Jenna nodded. “Those sketches represent women who’ve been in area shelters?”

“Those sketches,” Alex said from beside Jenna, “are Breedmates being held by Dragos as we speak.”

“You mean they’re still alive?”

“They were a couple of months ago.” Renata’s voice was grim. “A friend of the Order’s, Claire Reichen, used her Breedmate talent for dreamwalking to locate Dragos’s headquarters. She saw the captives—upward of twenty of them—locked in prison cells in his laboratory. Although Dragos relocated his operations before we could save them, Claire has been working with a sketch artist to document the faces she saw.”

“In fact, that’s where Claire is right now, she and Elise both,” Alex said. “Elise has a lot of friends in the Breed civilian community here in Boston. She and Claire have been working on a couple of new sketches, based on what Claire saw that day in Dragos’s lair.”

“Once we have faces of the captives,” Dylan said, “we can start looking for names and possible family members. Anything that can help bring us closer to who these women are.”

“What about databases for missing persons?” Jenna asked. “Have you compared the sketches to profiles listed with groups like the National Center for Missing Persons?”

“We did, and we’ve come up empty everywhere,” Dylan said. “A lot of these women and girls in the shelters are runaways and orphans. A lot of them are throwaways. Some of them are walkaways, who deliberately cut all ties with family and friends. The end result is the same: They have no one to look for them or miss them, so there were no reports filed.”

Renata grunted softly in acknowledgment and seemed to speak from some experience. “When you have no one and nothing, you can vanish and it’s like you never existed in the first place.”

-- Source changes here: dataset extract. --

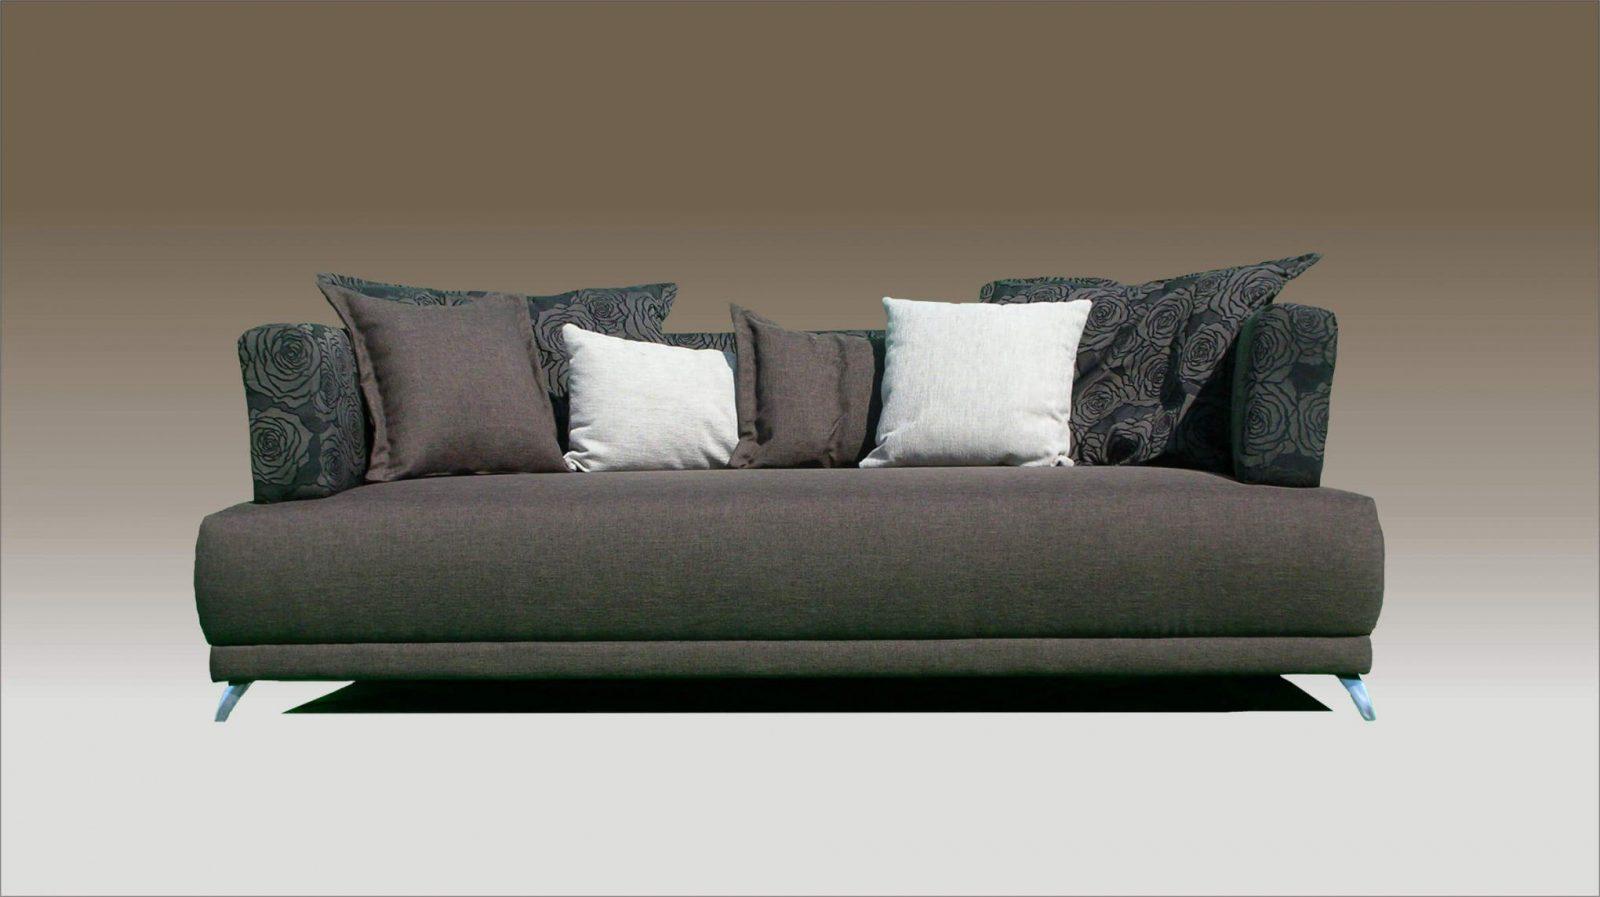 Kleine Sofas Kleine Raume 2 Sitzer  Design von Moderne Sofas Für Kleine Räume Bild

From her years in Alaska law enforcement, Jenna knew how true that could be. Folks could disappear without a trace in big cities or small interior communities alike. It happened every day, although she never would have imagined it happened for the reasons that Dylan, Savannah, Renata, and the other women were explaining to her now. “So, what’s your plan once you have identified the missing Breedmates?”

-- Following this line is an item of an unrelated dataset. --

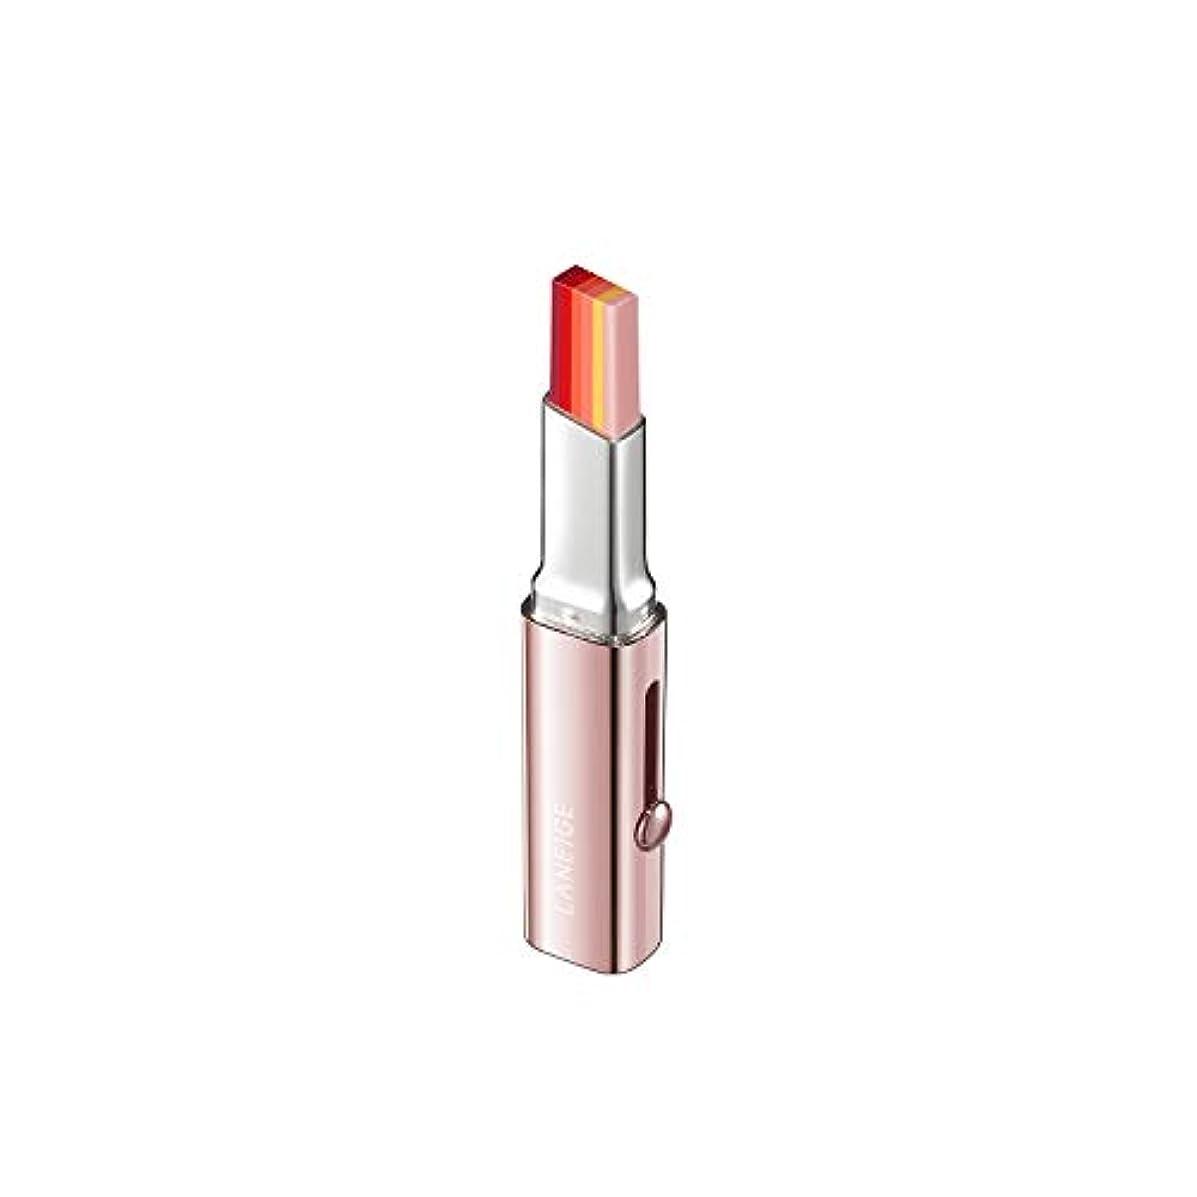 寄託ジャーナル記者【ラネージュ】階層リップバー(1.9G)/ Layering Lip Bar-6つのカラーでのグラデーションカラー演出 (#1 LAYERING FANTASY)

“Once we have enough of a personal link to even one of them,” Savannah said, “Claire can try to connect via dreamwalking and hopefully bring back some information about where the captives have been moved.”

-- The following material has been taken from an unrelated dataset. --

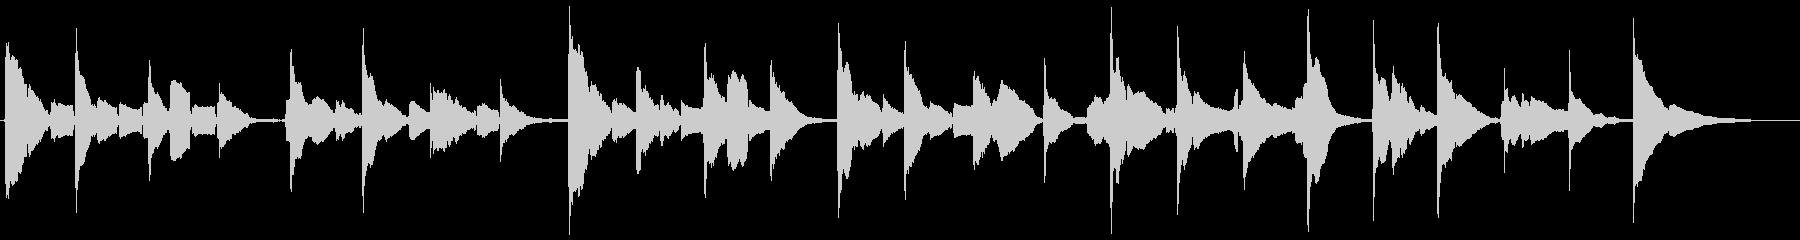 サックスとギターの官能的な曲の未再生の波形

Jenna was used to quick digestion and comprehension of facts, but her head was starting to spin with everything she was hearing. And she couldn’t stop her mind from searching for solutions to the problems being laid out before her. “Wait a second. If Claire’s talent led her to Dragos’s lair once, why can’t she just do it again?”

“For her talent to work, she needs some kind of emotional or personal link to whomever she’s attempting to find in the dream state,” Dylan answered. “Her link before wasn’t to Dragos but to someone else.”

“Her former mate, Wilhelm Roth,” Renata put in, all but spitting the name like a curse. “He was a vile individual, but next to Dragos, his cruelty was nothing. No way could we ever let Claire try to tap into Dragos personally. It would be suicide.”

“Okay. So, where does that leave us?” Jenna asked, the word us slipping out of her mouth even before she realized she’d said it. But it was too late to take it back, and she was much too intrigued to pretend differently. “Where do you see things going from here?”